_WORK REQUIRED_: The required answer is the data below, restated word for word with images omitted.
(GIVEN MATERIAL)
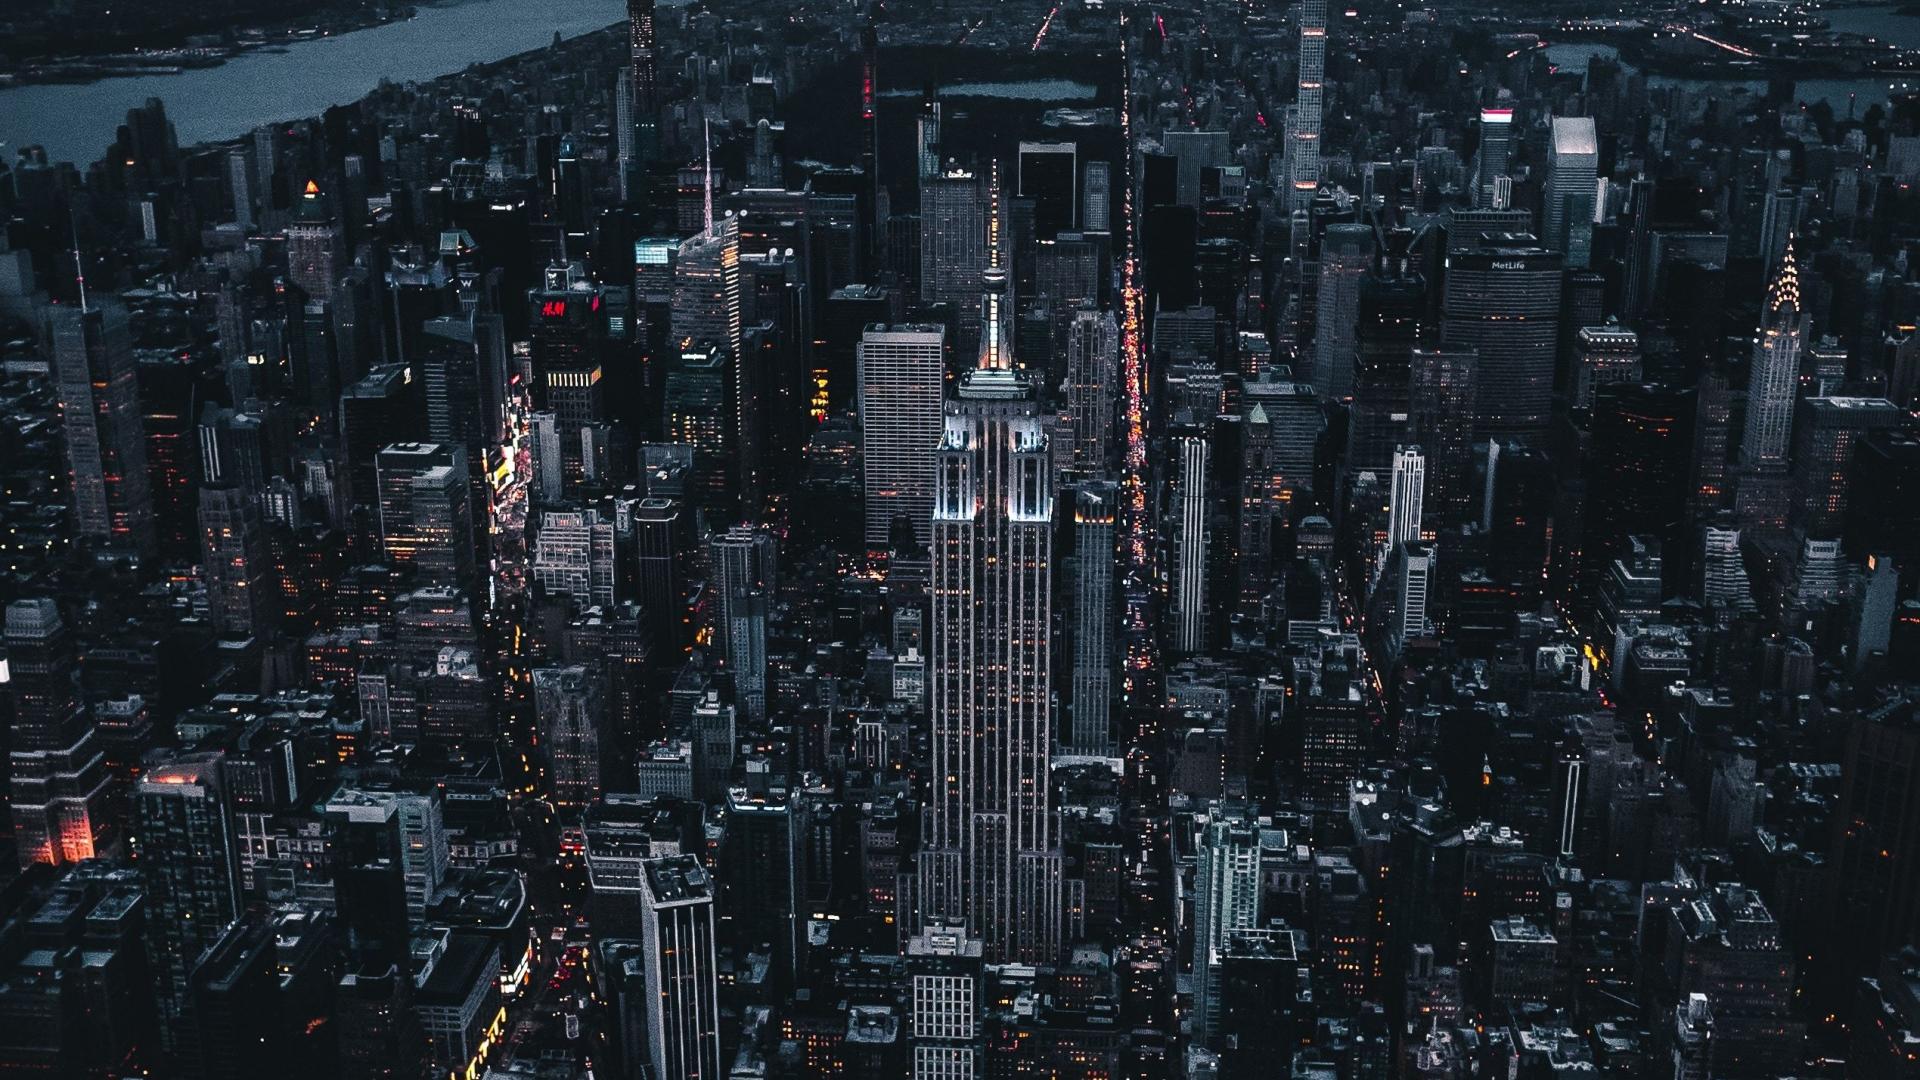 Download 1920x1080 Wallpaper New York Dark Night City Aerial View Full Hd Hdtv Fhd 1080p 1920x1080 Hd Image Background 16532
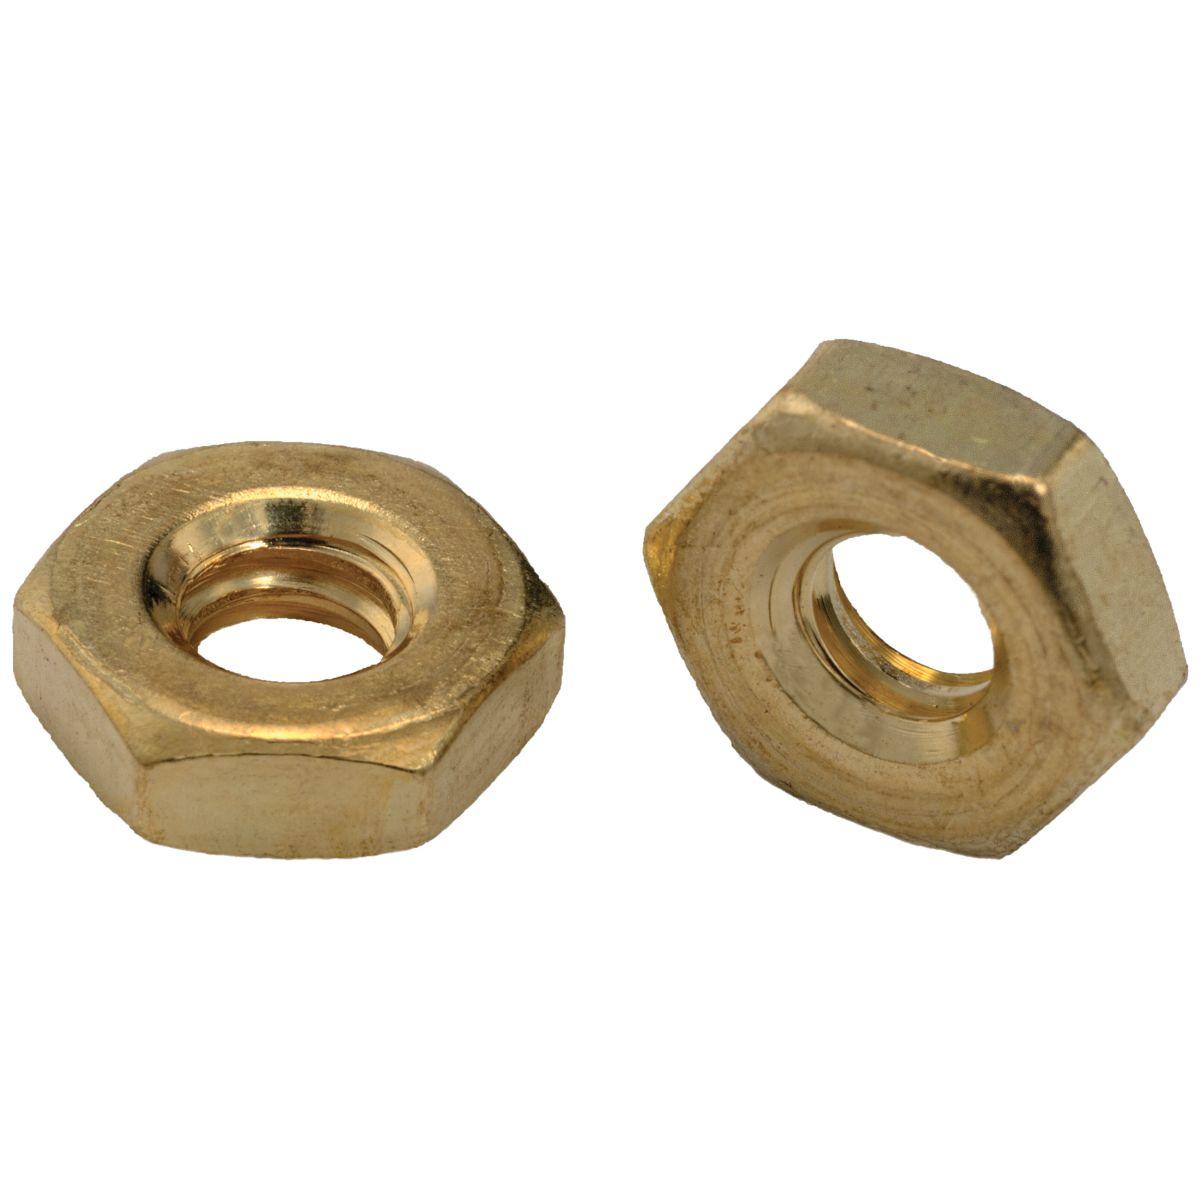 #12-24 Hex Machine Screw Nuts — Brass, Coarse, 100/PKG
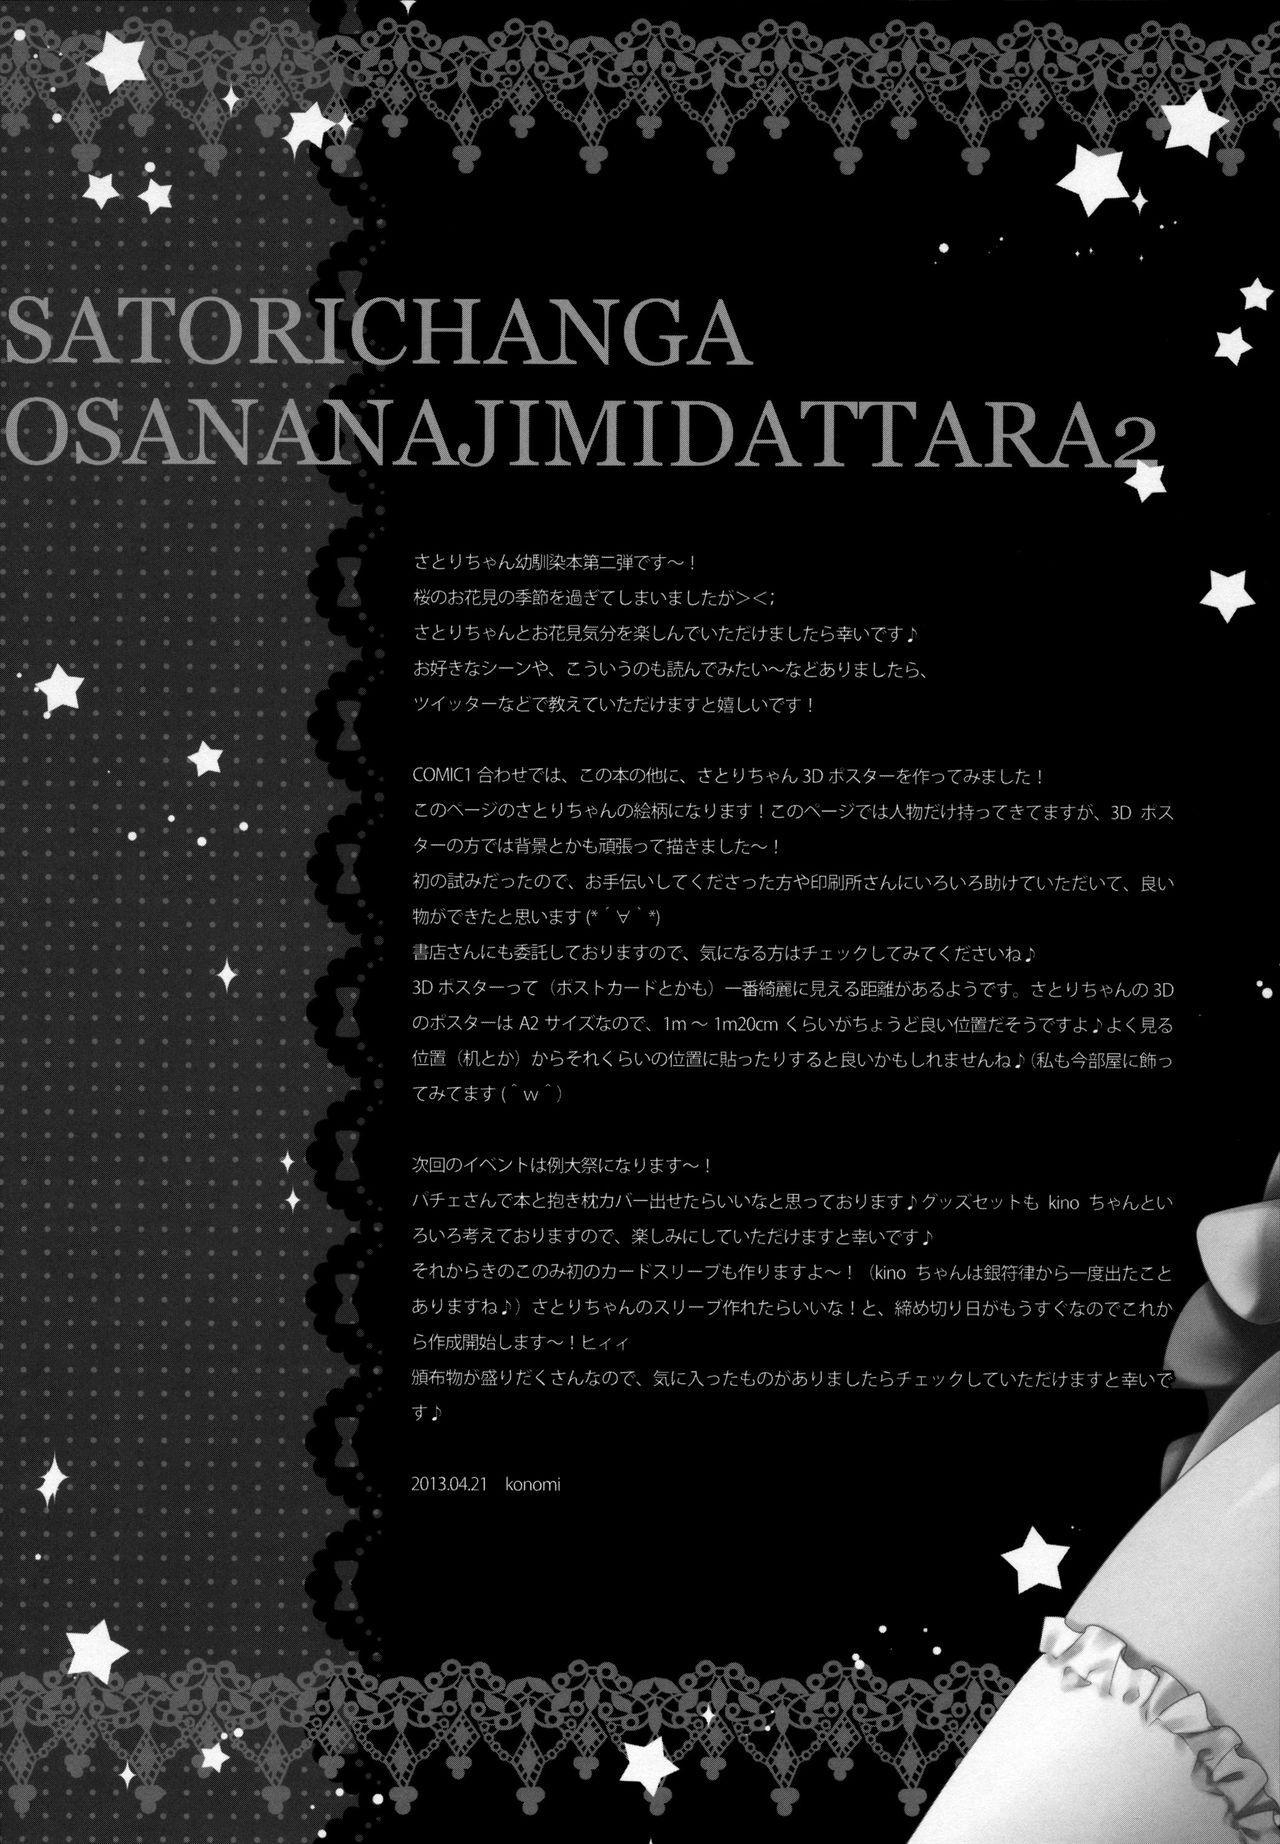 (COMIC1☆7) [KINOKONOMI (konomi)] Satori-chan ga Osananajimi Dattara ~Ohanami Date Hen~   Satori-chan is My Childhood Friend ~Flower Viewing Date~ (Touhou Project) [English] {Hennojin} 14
(End GIVEN MATERIAL)
_SOLUTION TO THIS TASK_:
 Download 1920x1080 Wallpaper New York Dark Night City Aerial View Full Hd Hdtv Fhd 1080p 1920x1080 Hd Image Background 16532
 #12-24 Hex Machine Screw Nuts — Brass, Coarse, 100/PKG
 (COMIC1☆7) [KINOKONOMI (konomi)] Satori-chan ga Osananajimi Dattara ~Ohanami Date Hen~   Satori-chan is My Childhood Friend ~Flower Viewing Date~ (Touhou Project) [English] {Hennojin} 14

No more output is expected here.